В первой книге о «Митьках» Шинкарев писал, что атмосфера ленинградских котельных как нельзя более благоприятствовала процветанию «оптимальной» гендерной идентичности, предполагающей баланс легкомысленного эскапизма и суровых мужских обязанностей. Шинкарев даже посвящает котельным целую главу, опирающуюся на их с Шагиным личный опыт такой работы. Историк Вячеслав Долинин вспоминает в своих записках о жизни ленинградских диссидентов, что в 1970-х — начале 1980-х годов подвалы домов на Адмиралтейской набережной стали прибежищем для многих поэтов-нонконформистов, которые рады были трудиться в котельной за символическую плату в обмен на то, чтобы власти оставили их в покое. Рок-музыканты репетировали в подвалах, что дало Владимиру Рекшану, некогда игравшему в рок-группе, повод сказать: «Выходит, это была подвальная музыка»[189]. В котельных можно было заниматься и литературным творчеством и даже, судя по нежности, с которой Долинин описывает царившее в них тепло, проводить холодную зиму[190]. До своего ареста за диссидентскую деятельность Долинин был непосредственным начальником обоих организаторов движения, Шагина и Шинкарева, служивших сторожами-кочегарами. Описывая работу в котельной, Шинкарев отмечает, что такой труд требует поистине дзен-буддистской способности к концентрации и достижения духовного «центра тяжести», а в другом месте книги намекает на контркультурное влияние, оказанное на «Митьков» буддизмом, особенно в японской его форме[191].

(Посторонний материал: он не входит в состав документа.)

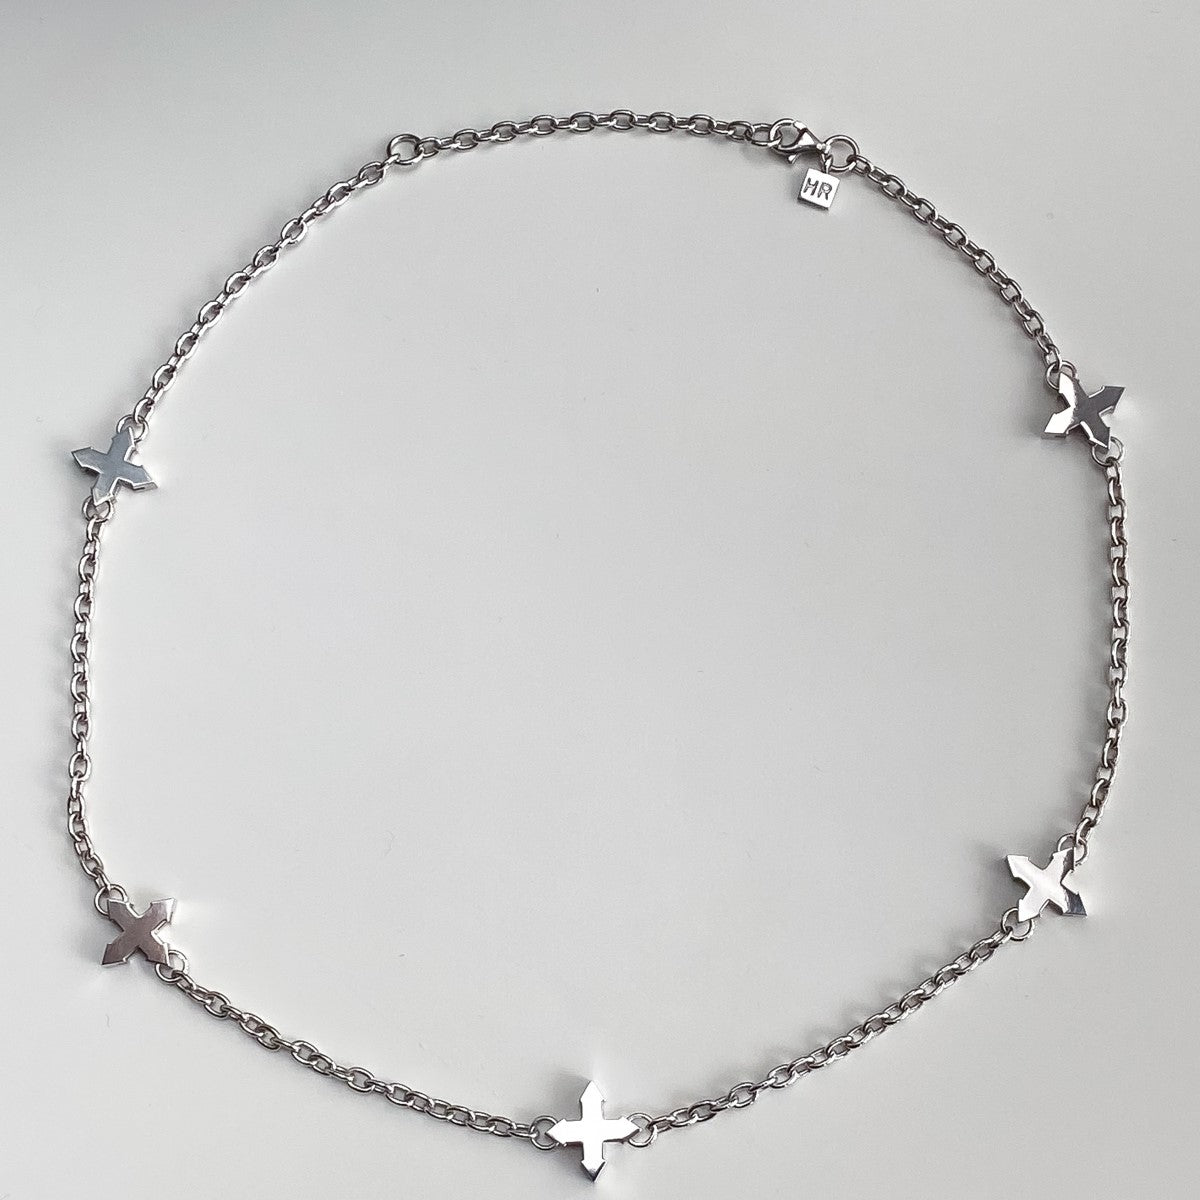 NECKLACE "FIVE STARS" / SILVER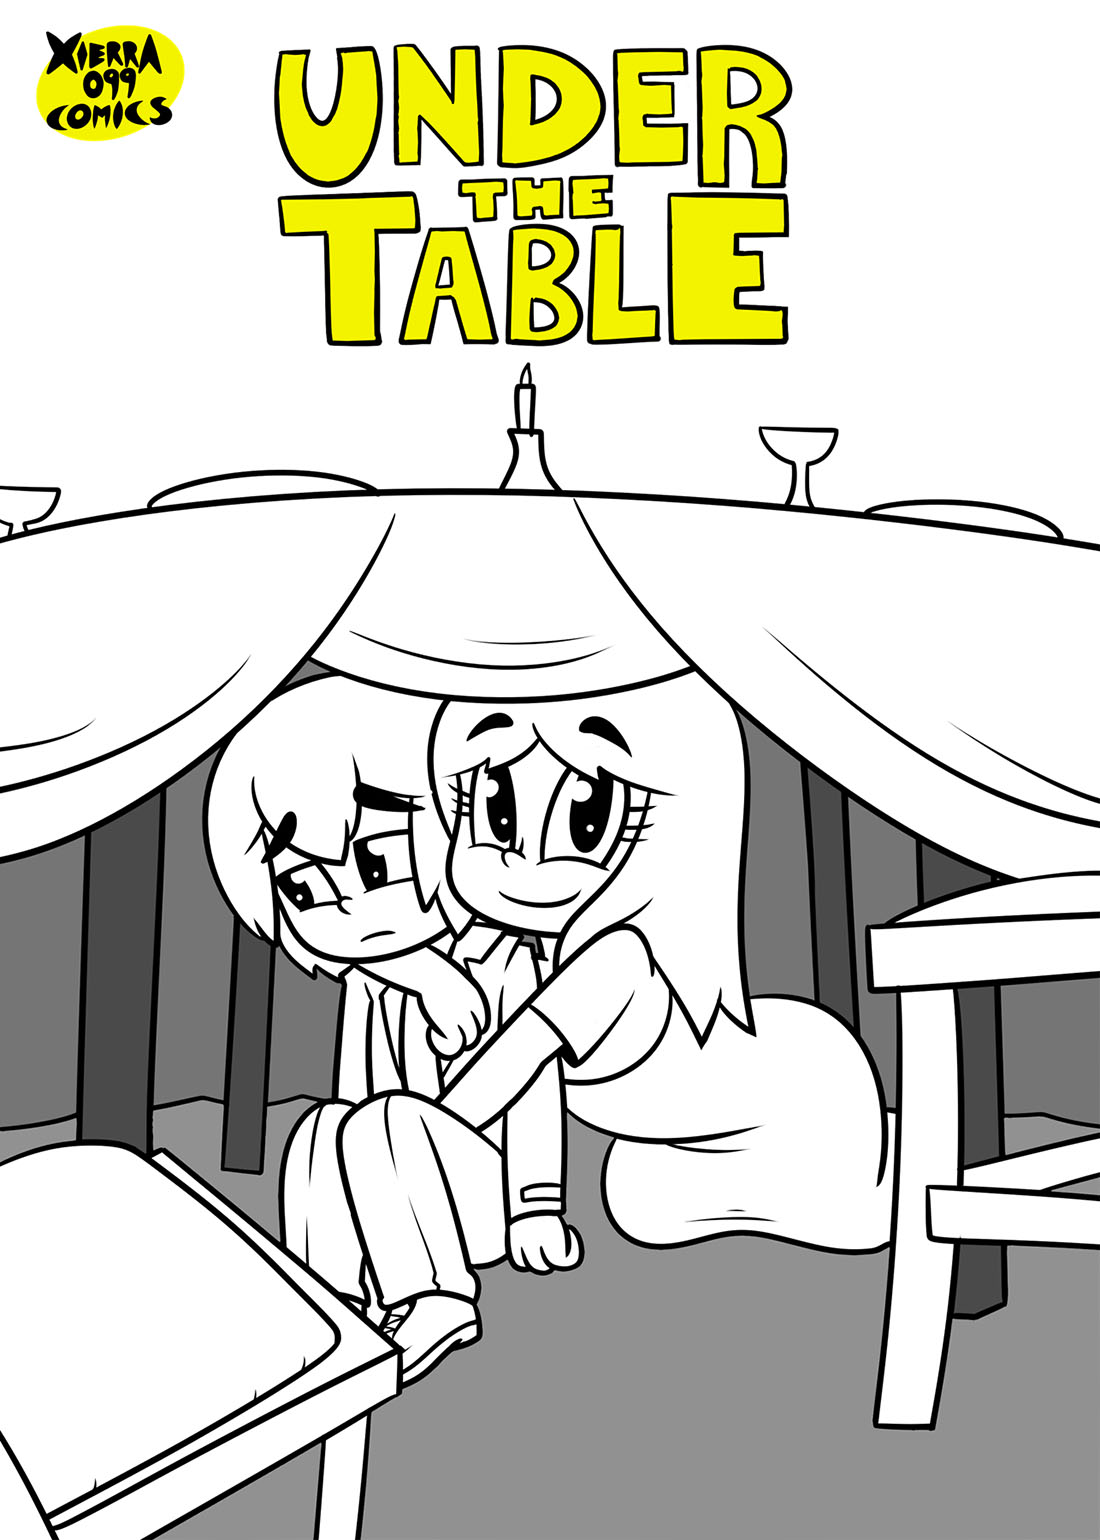 UNDER the Table

Чрезвычайно своеобразен сложившийся в творчестве «Митьков» образ родного города, представляющий собой необычное — можно даже сказать, невозможное — сочетание основополагающего мифа о Петербурге как о несокрушимом военном оплоте империи с буддийскими идеями бренности и неустойчивости отношений субъекта с материальным миром. К такой мифологизации российского флота отсылает Иосиф Бродский, писавший, что флот «был мечтой о безупречном, почти отвлеченном порядке, державшемся на водах мировых морей, поскольку не мог быть достигнут нигде на российской почве». «Черная как смоль отцовская шинель с двумя рядами желтых пуговиц» — контраст между светлым и темным — напоминает поэту «улицу внутри проспекта». «Улица внутри проспекта — именно так я думал об отце», — говорит Бродский, воспоминая об отцовской шинели и надетом под ней кителе[192]. Военная форма символизировала место отца внутри регламентированного советского общества. С геральдической точки зрения цвет пуговиц символизировал еще и золото Андреевского креста, старейшей петровской эмблемы российского флота. Задолго до этого, в «Рождественском романсе», Бродский превращает это сочетание — желтое на черном — в динамичный образ спасения, возвещаемого Рождеством, однако для большинства людей остающегося незамеченным. Соединение морского петербургского мотива с московским пейзажем подчеркивает стерильную бесстрастность советской столицы с ее прерывистым освещением и «пчелиным ходом» отчужденных друг от друга людей[193].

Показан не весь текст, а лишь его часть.